Great as was the advance which his powers had made, under the
influence of that resentment from which he now drew his inspiration,
they were yet, even in his Satire, at an immeasurable distance from
the point to which they afterwards so triumphantly rose. It is,
indeed, remarkable that, essentially as his genius seemed connected
with, and, as it were, springing out of his character, the
developement of the one should so long have preceded the full maturity
of the resources of the other. By her very early and rapid expansion
of his sensibilities, Nature had given him notice of what she destined
him for, long before he understood the call; and those materials of
poetry with which his own fervid temperament abounded were but by slow
degrees, and after much self-meditation, revealed to him. In his
Satire, though vigorous, there is but little foretaste of the wonders
that followed it. His spirit was stirred, but he had not yet looked
down into its depths, nor does even his bitterness taste of the bottom
of the heart, like those sarcasms which he afterwards flung in the
face of mankind.
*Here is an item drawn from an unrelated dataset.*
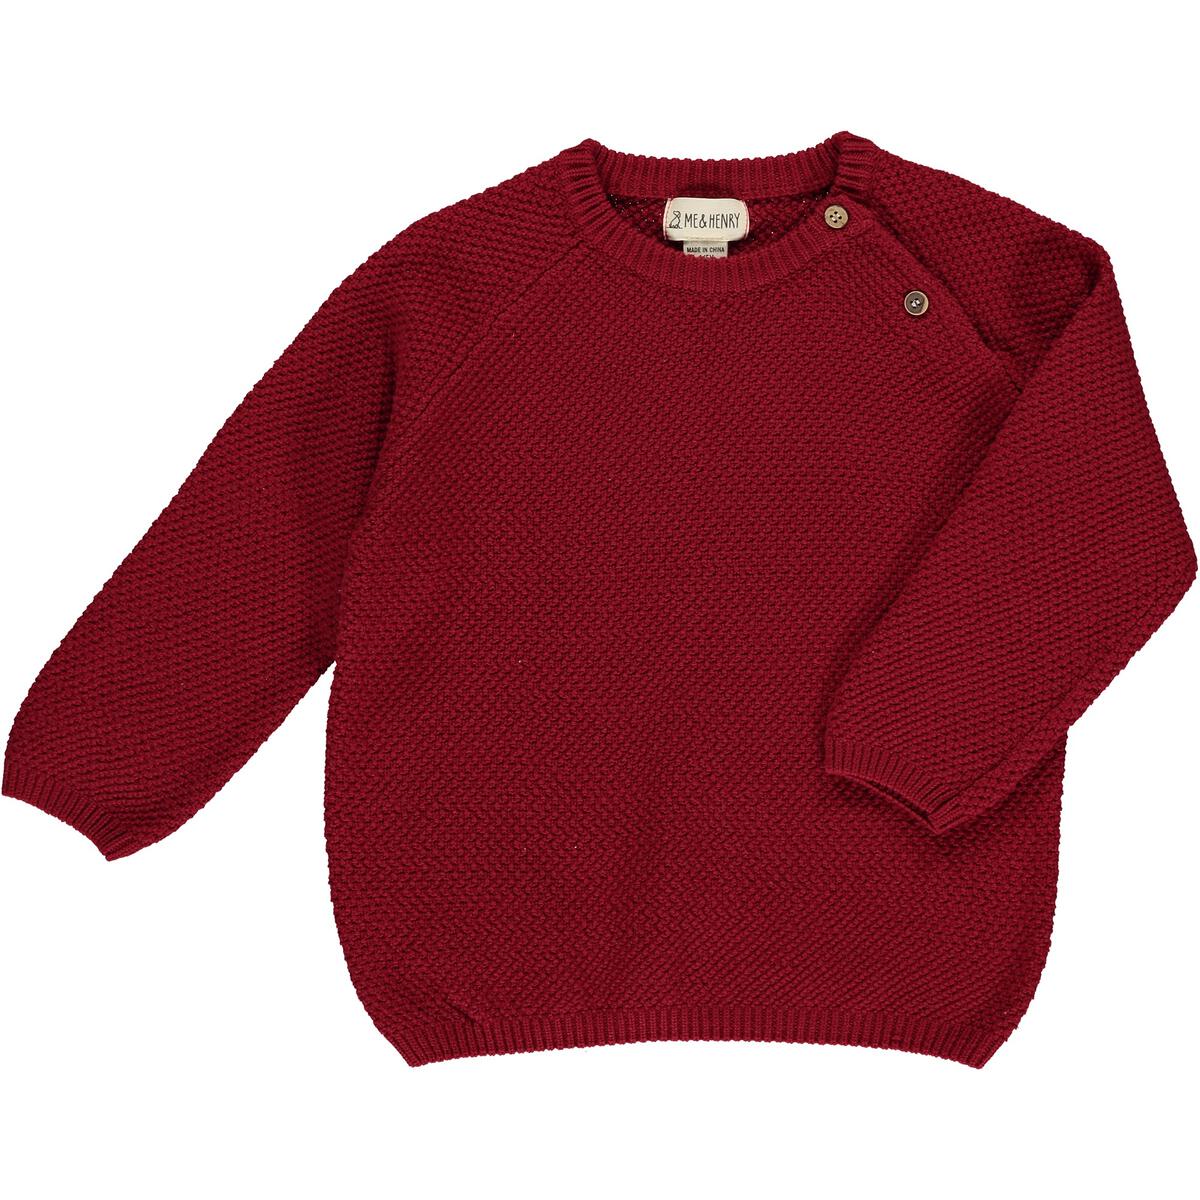 Roan Sweater in Red

Still less had the other countless feelings and
passions, with which his soul had been long labouring, found an organ
worthy of them;--the gloom, the grandeur, the tenderness of his
nature, all were left without a voice, till his mighty genius, at
last, awakened in its strength.
In stooping, as he did, to write after established models, as well in
the Satire as in his still earlier poems, he showed how little he had
yet explored his own original resources, or found out those
distinctive marks by which he was to be known through all times.